Дневник. 1914–1920 - стр. 22
На Высших женских курсах[102] больные свалены и лежат без всякой помощи, а в устроенные лазареты их не дают, и когда люди идут предлагать свои услуги – им говорят: «у нас довольно». Малинин расписал царю, что у города 50 000 коек готово и будет 200 тысяч, а на деле из 35 000 разместили только 10 000.
Никто ничего не может добиться. Управа не дает Шуберту денег на служителей; ничего, кроме доктора и 33 коп. на человека (в день на раненого) «вы нам не нужны; сами оборудовали, сами и содержите; лучше бы дали 1000 руб.», – отвечают на все просьбы. У Окулич молодая девушка-крестьянка жаждет даром поработать на больных – во всех организациях ей отказ, потому что для сиделки требуется свидетельство об окончании 4-классного училища, а она не держала экзамена. Она плачет. Сиделкам платят 10 руб., а требуют еще подготовки в 3–4 месяца, – прямо невозможно.
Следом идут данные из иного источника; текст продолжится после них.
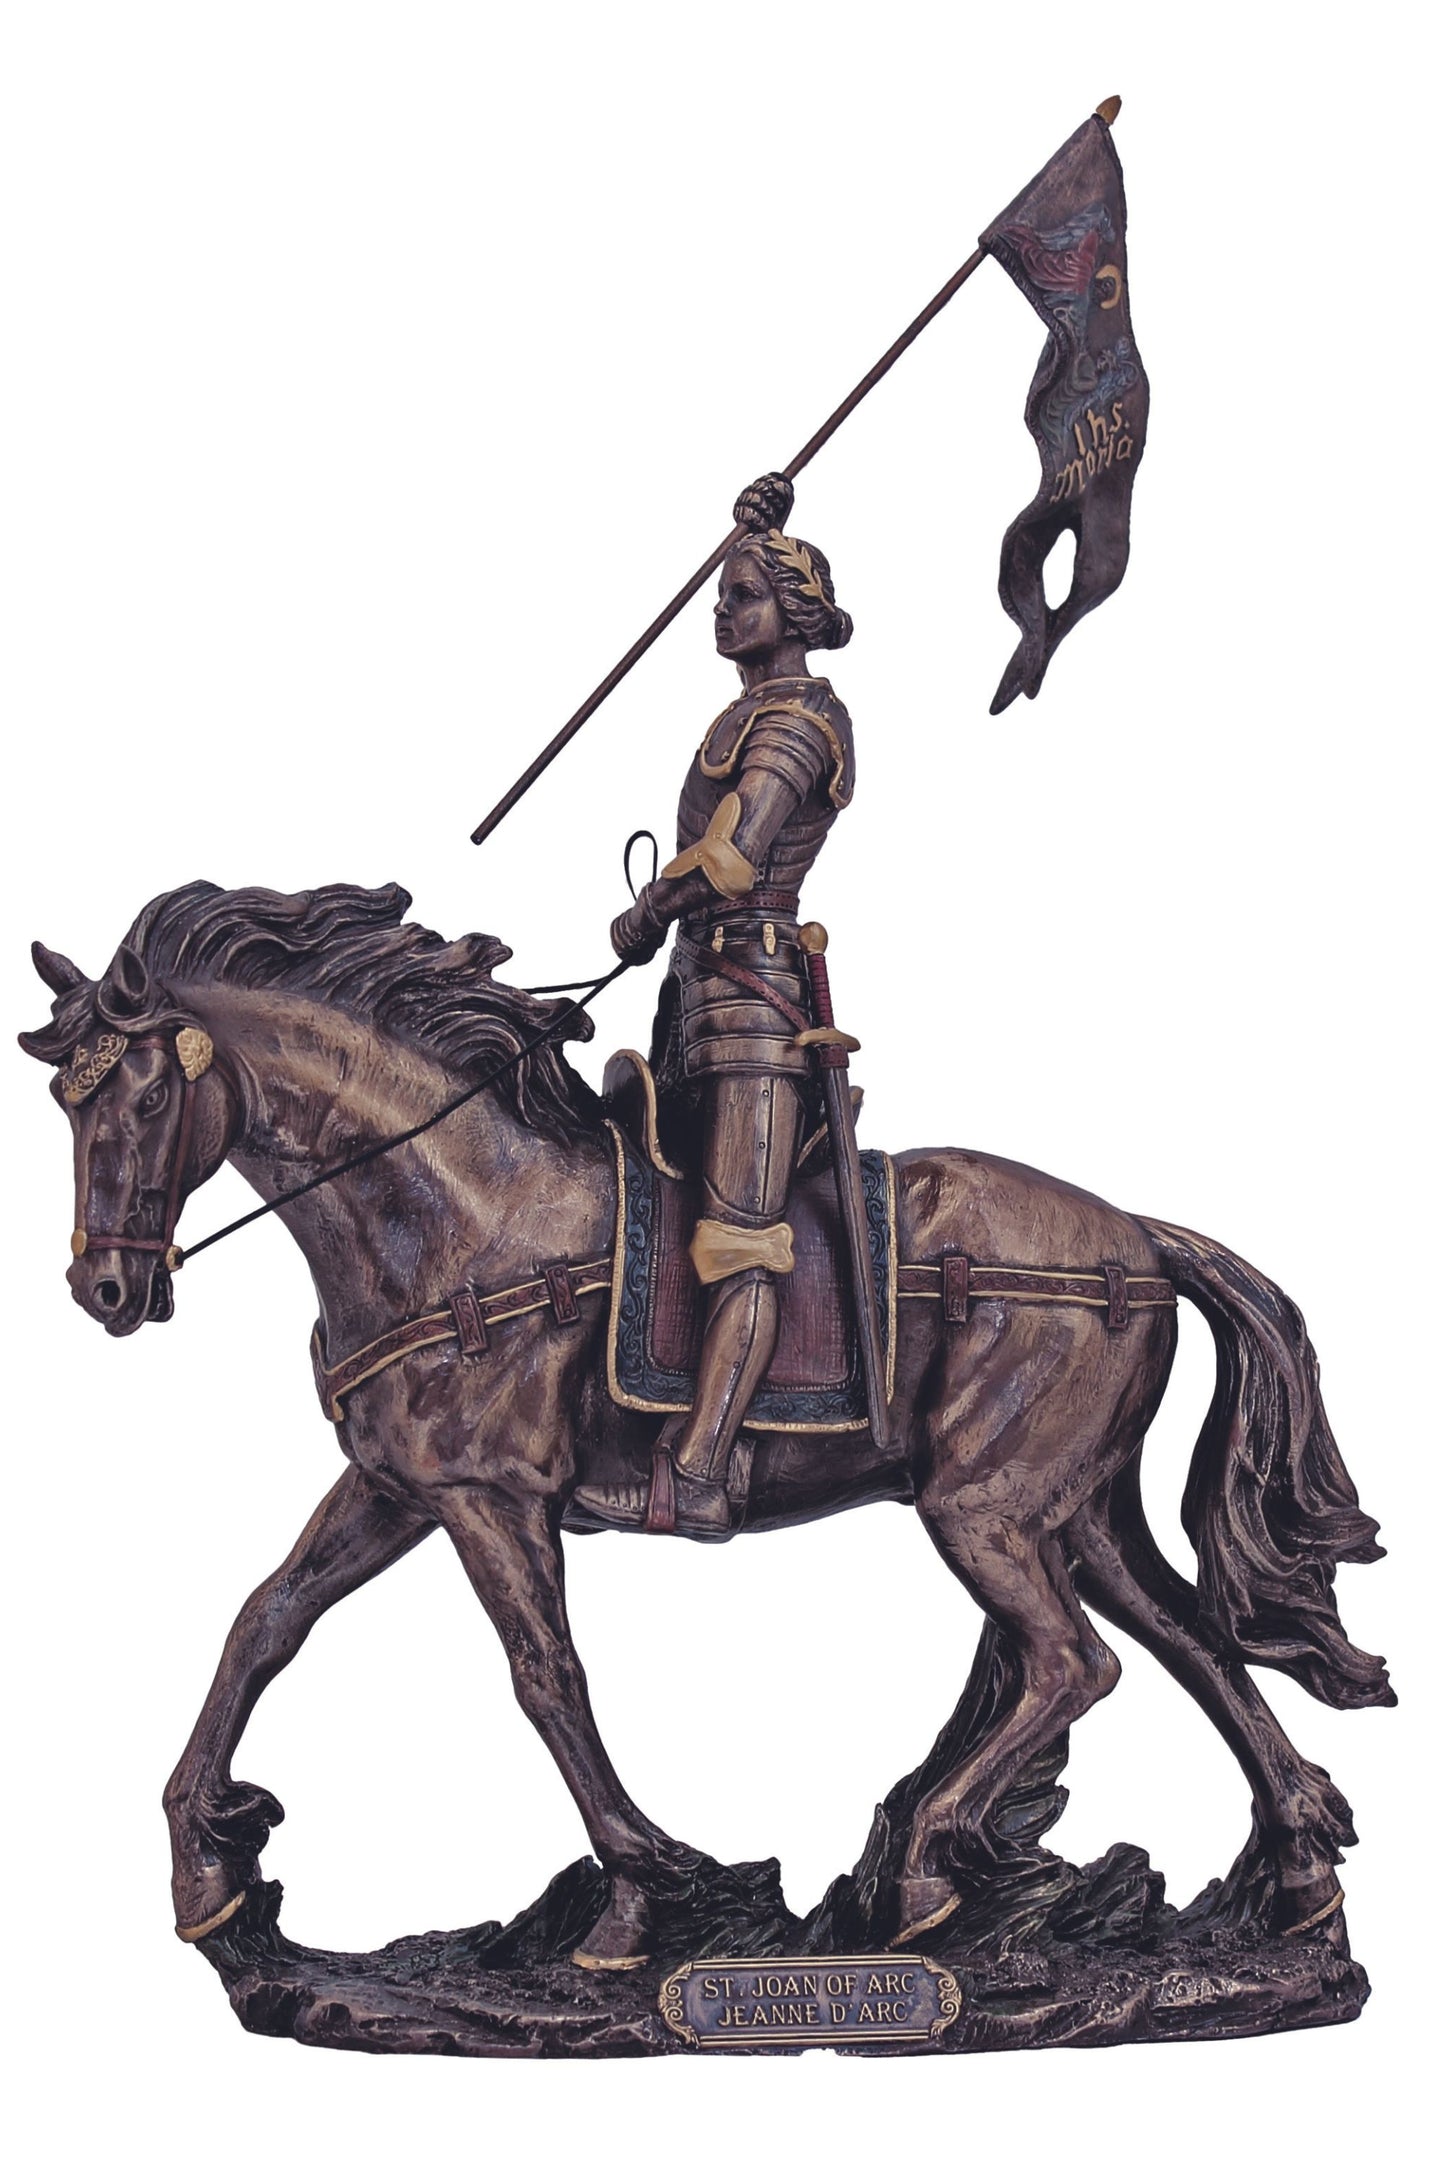 SR-76003 St. Joan of Arc in Cold Cast Bronze 10x11"

Приехал В. М. Кудрявцев из Ставрополя Кавказского. Там мобилизация прошла неспокойно – шли неохотно: «Нас никто не спрашивал, хотим ли воевать». Боясь влияния городских запасных на деревенских, первых разбили по ротам и на ночь угоняли, куда хотят, из казарм; а деревенские пришли со всеми семьями, так и жили с ними в казармах, а когда раз попытались их разлучить, тогда все ушли из казармы и уселись лагерем на бульваре. Главный командир приехал им кланяться и водворил опять всех вместе. Эти пожилые люди и ученые повиновались: не прыгали гусиным скоком – «Мы не лягушки», не ложились по команде – «Мы не малые ребята»; когда их учили отдавать честь, на десятом они поворачивались и уходили: «Все умеем»; и, наконец, в один прекрасный день они вышли на ученье без штанов и сапог, потому что казенных не дают, а своих жаль. Амуниции так мало, что на роту приходится одна теплая форма и одна шинель – их и надевает часовой на ночь. И на поезде все их семьи поехали с ними дальше. В одном селе отказались идти, прислали солдат, но из запасных, они отказались идти на крестьян: «Нас звали с немцами воевать, а не со своими», и ушли. Пришлось привести казаков. Знакомый Василий Михайлович попал в такую артиллерийскую бригаду, в которой вместо 100 с чем-то пушек всего пять, остальные на бумаге. Народ там не верит газетам, а из телеграмм делают собственные выводы. Извозчик, напр[имер], говорит Вас[илию] Мих[айловичу]: «Как наши дела плохи». – «А что?» – «Да ведь взял враг Петербург!» – «Как взял?» – «А как же, все правительство в какой-то Петроград переехало». – «Да нет, это царь велел Петроград по-русски называть». – «Да что вы говорите, разве это по-русски, да я из газет знаю». Так и остался при своем.